Reading a human-addressed document is a neurosymbolic act, not a procedural one. Where meaning can be derived by rule, iladub derives it declaratively — a SHACL constraint or a SPARQL query over an evidence graph. Where a decision genuinely requires perception, a model proposes and a semantic oracle disposes. A pile of hand-coded geometry with a tuned tolerance — the reflex of ordinary parsers — is the failure mode we forbid. See assert vs propose and the manifesto.

Why not just write the parser

The neolegacy trap has a second half. The manifesto names the output mistake — flattening the target into SQL rows. The reading half is subtler: recovering the author's structure with a pile of procedural heuristics (Python, in our case), each carrying a tuned constant — a whitespace-gutter threshold, a gap-ratio multiplier, a centering tolerance. Every such constant is a hidden guess about what the author meant, baked into one interpreter and brittle across the next document.

Structure is interpreter-relative. A tuned heuristic freezes one interpreter into procedural code; the moment the document shifts, the guess is wrong and nothing says so. iladub's edge is filling the semantic gap — naming it, and deriving across it with formal semantics — not hand-coding geometry around it.

The gate: earn your procedural code

Every reading decision is classified before any procedural code is written. The default is semantic; procedural code must be earned and justified in the code and the spec. The class is language-agnostic — Python in iladub's reference implementation, any host language elsewhere.

Class When it applies The form it takes
AXIOM (default) recovery / transform / role / type / boundary decisions a SPARQL SELECT/CONSTRUCT (open-world derivation) or a SHACL constraint (closed-world membrane) over an RDF evidence graph — consuming an existing ontology, or filling a named gap with thin owned vocabulary.
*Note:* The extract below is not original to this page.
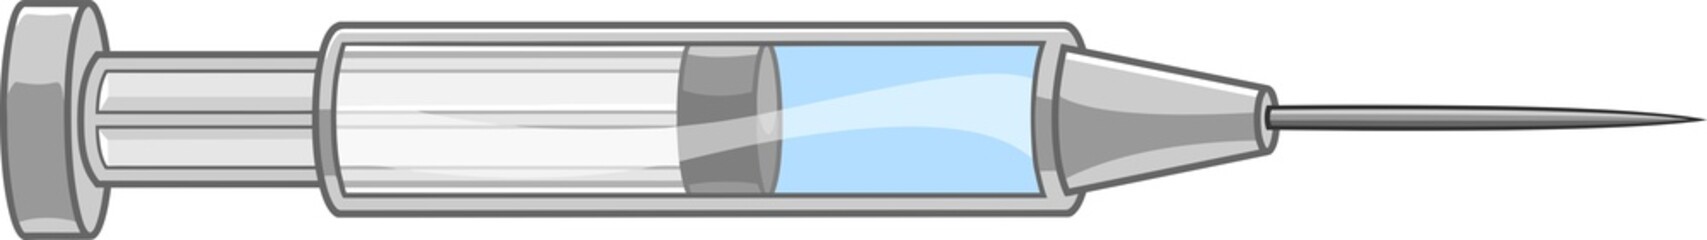 Cartoon Syringe. Vector Illustration Isolated On Transparent Background
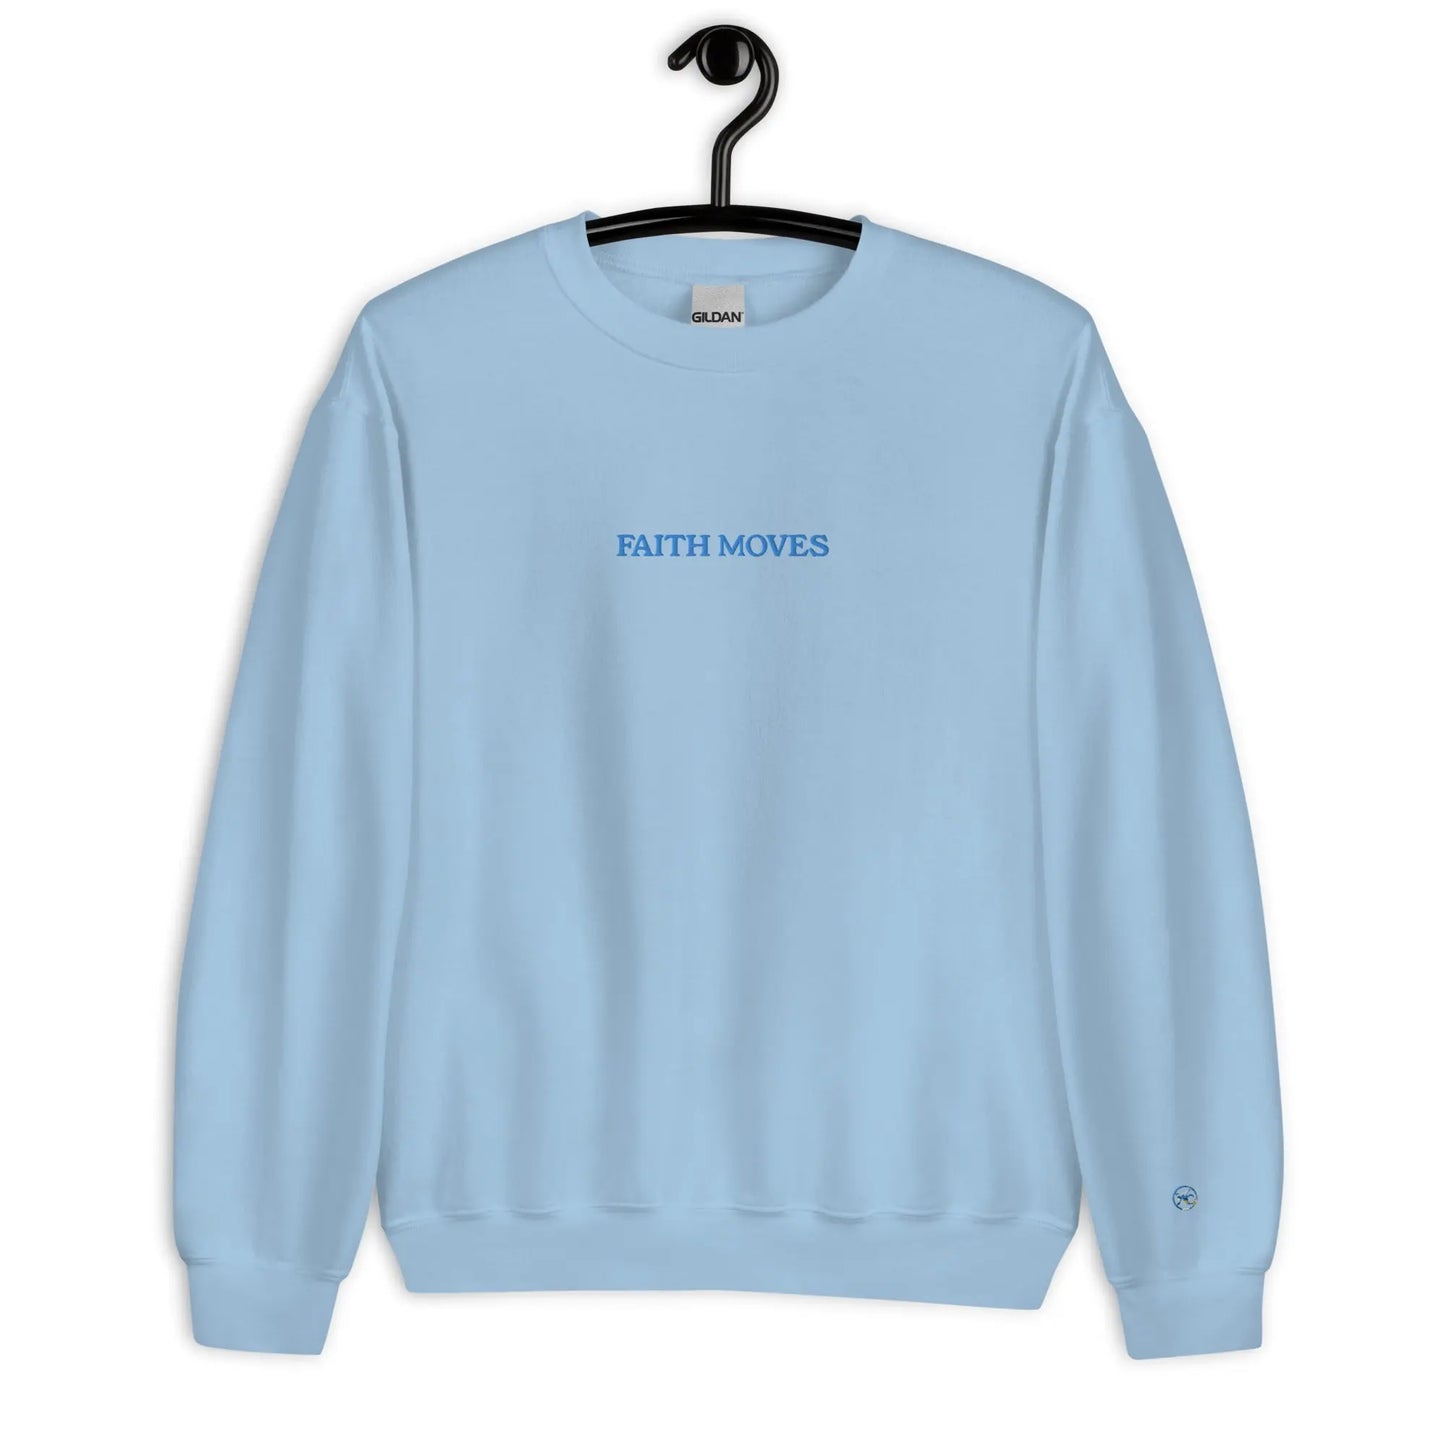 Unisex embroidery  baby blue FAITH MOVES Sweatshirt

See Two worlds below
NEURAL genuinely perceptual, symbolically underdetermined judgments ("which columns does this header span?") a model (GenAI, via BAML) proposes under assert/propose/promote, and a semantic oracle disposes
PROCEDURAL raw extraction (source → typed facts) and decidable exact arithmetic procedural code — language-agnostic (Python in the reference implementation) — that must state why it is irreducible to AXIOM or NEURAL

A tuned constant or tolerance is prima facie evidence the decision belongs in AXIOM or NEURAL, not procedural code. This is enforced as a hard constraint in every design and review: a tuned geometric constant, or a procedural heuristic answering a span / read / group / role question, is a review failure unless it is an oracle-disposed proposal or a justified raw-extraction step.

Two worlds: derive open, validate closed

AXIOM is not one thing — it splits by world, and the split is load-bearing.

Recovery is open-world. Reading a document grows the graph: it recovers a pivot, derives a base fact, assigns a role. This is monotonic and evidence-positive — a fact is asserted only when its support is present, never inferred from its absence. That is exactly iladub's cardinal rule (assert only what the source supports), and it is why derivation belongs to SPARQL (SELECT/CONSTRUCT): an open-world query language that only ever adds what the evidence licenses.

Conformance is closed-world. The contract membrane decides what may cross into the clean holon — cardinality, closure, "every grounded node comes from a promotion decision." That is a closed world, and it belongs to SHACL, whose whole design is closed-world validation.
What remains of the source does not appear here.